→ Data segment:
═══
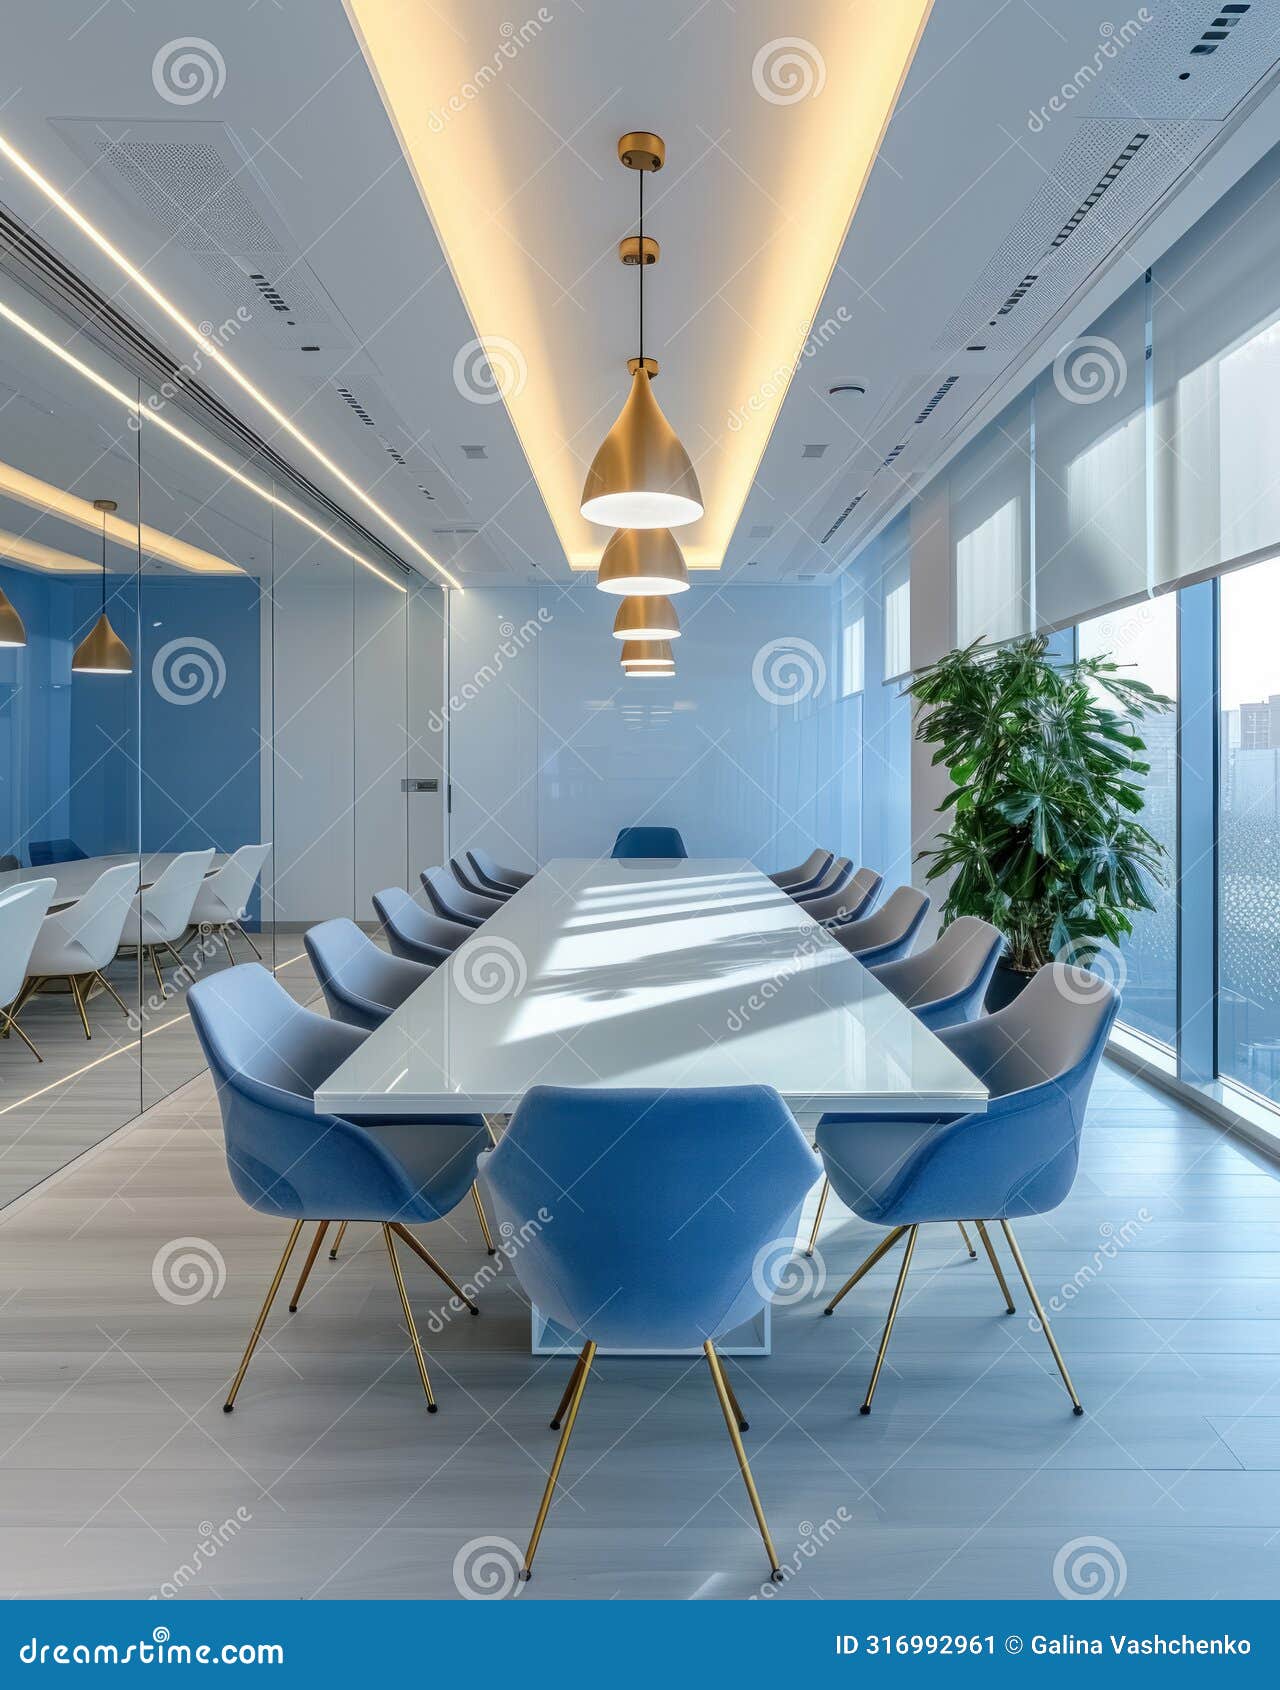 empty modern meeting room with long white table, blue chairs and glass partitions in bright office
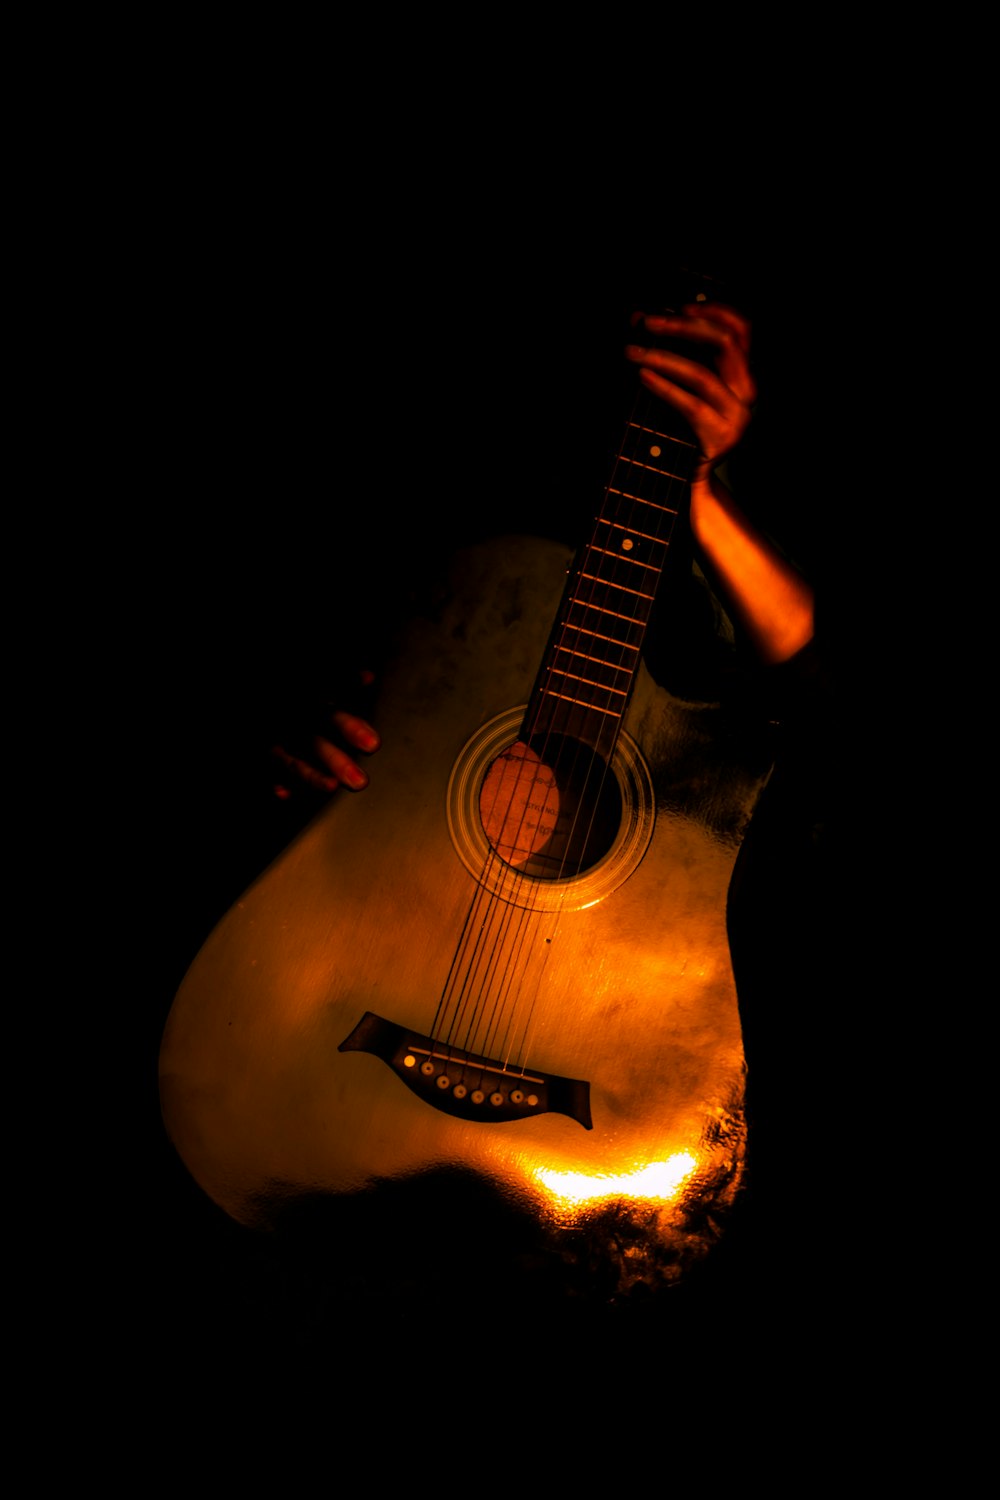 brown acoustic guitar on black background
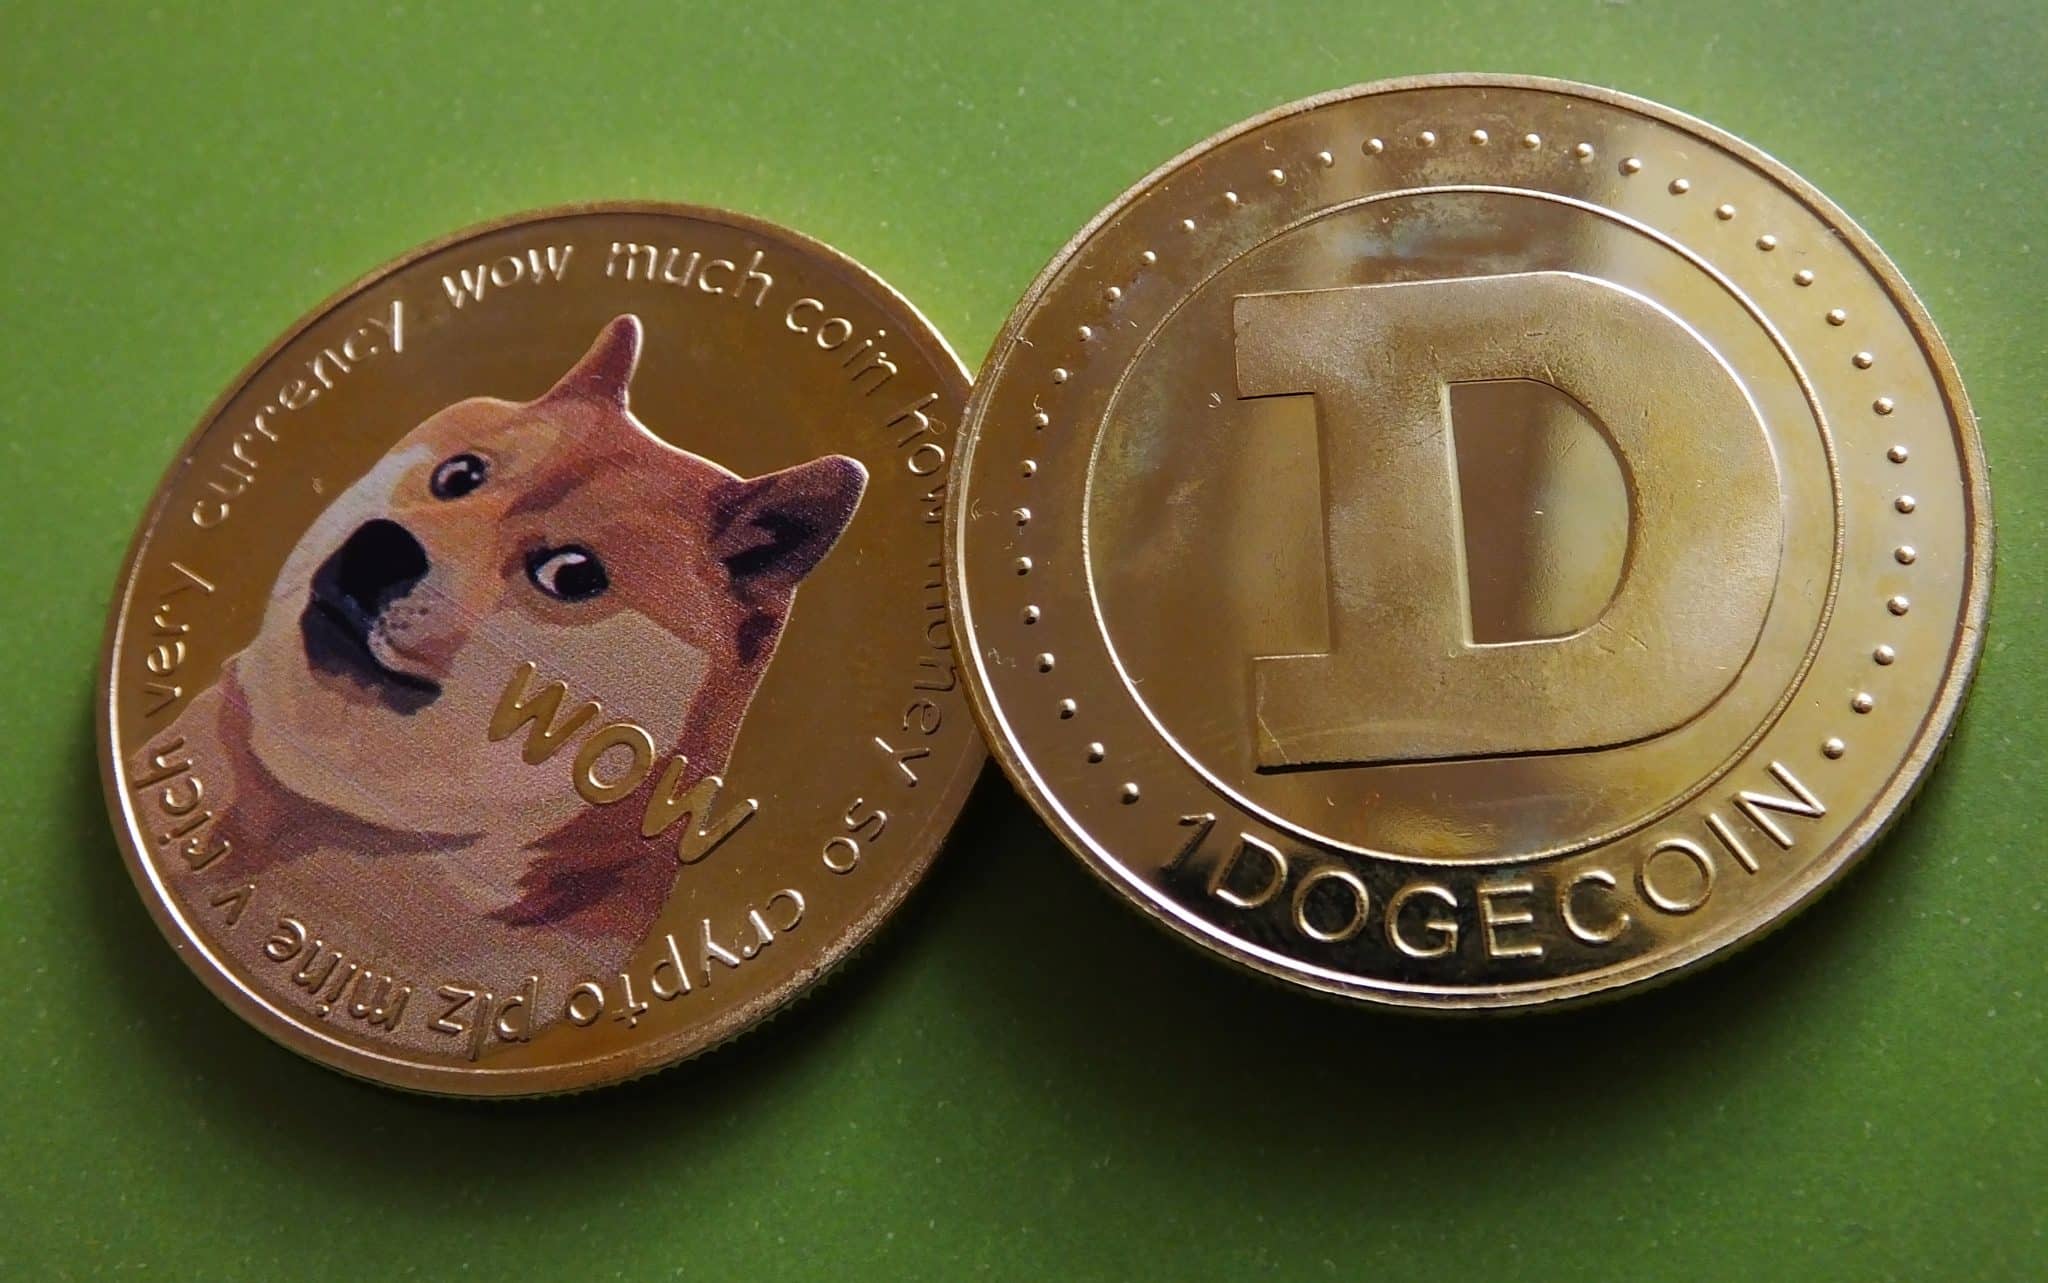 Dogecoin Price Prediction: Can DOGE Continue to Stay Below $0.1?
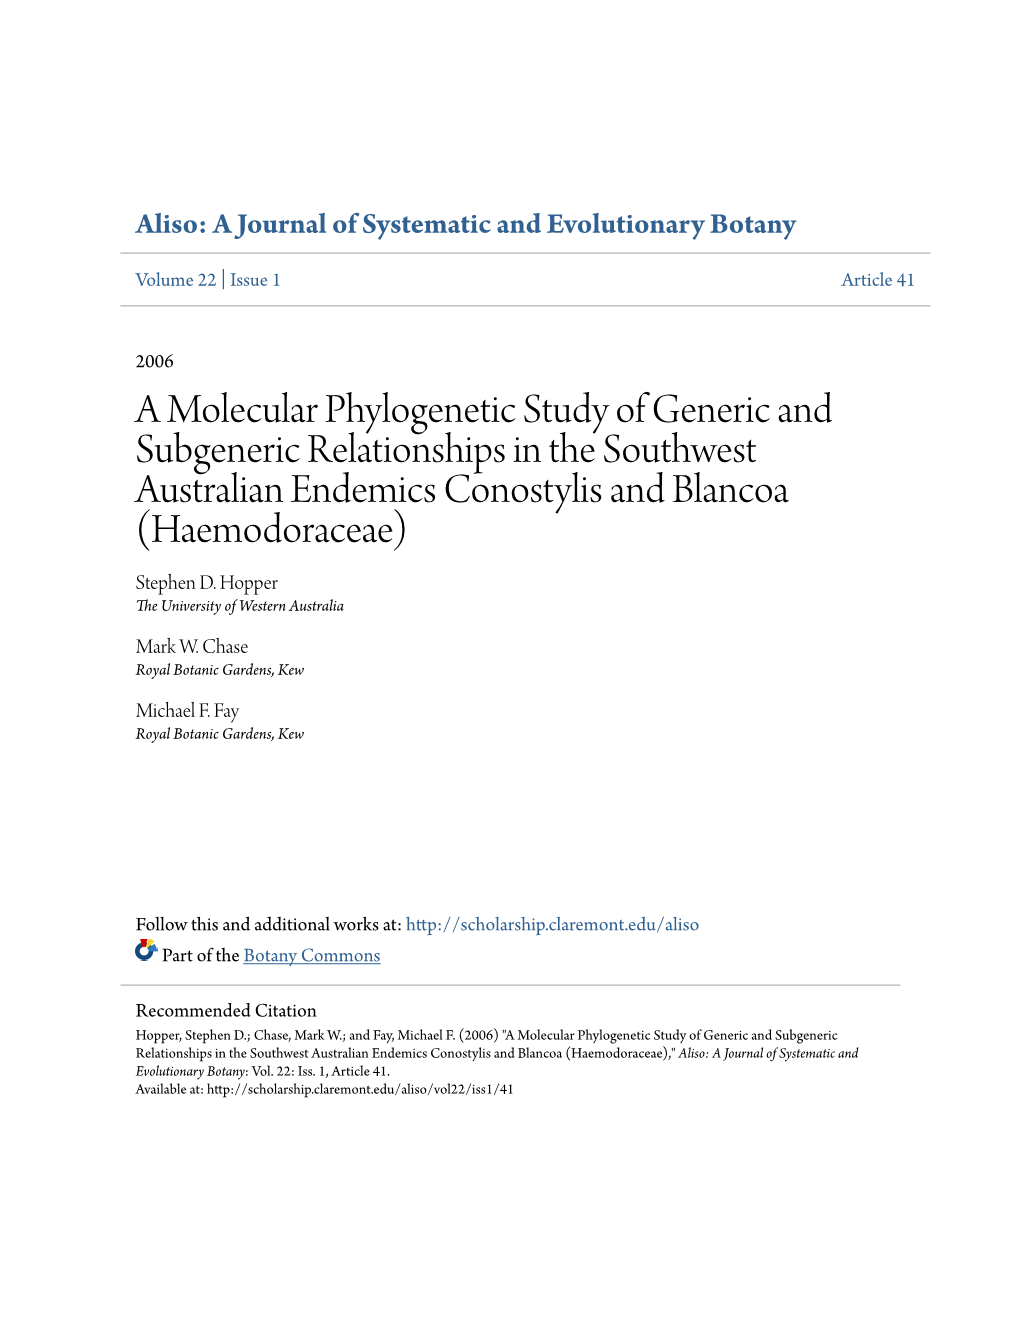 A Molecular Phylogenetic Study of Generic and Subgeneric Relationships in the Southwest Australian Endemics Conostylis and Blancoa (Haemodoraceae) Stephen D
═══
→ Work task: Your copy should hold all the data word for word. It should hold no pictures.

→ Worked solution:
 empty modern meeting room with long white table, blue chairs and glass partitions in bright office
 brown acoustic guitar on black background
 Dogecoin Price Prediction: Can DOGE Continue to Stay Below $0.1?
 A Molecular Phylogenetic Study of Generic and Subgeneric Relationships in the Southwest Australian Endemics Conostylis and Blancoa (Haemodoraceae) Stephen D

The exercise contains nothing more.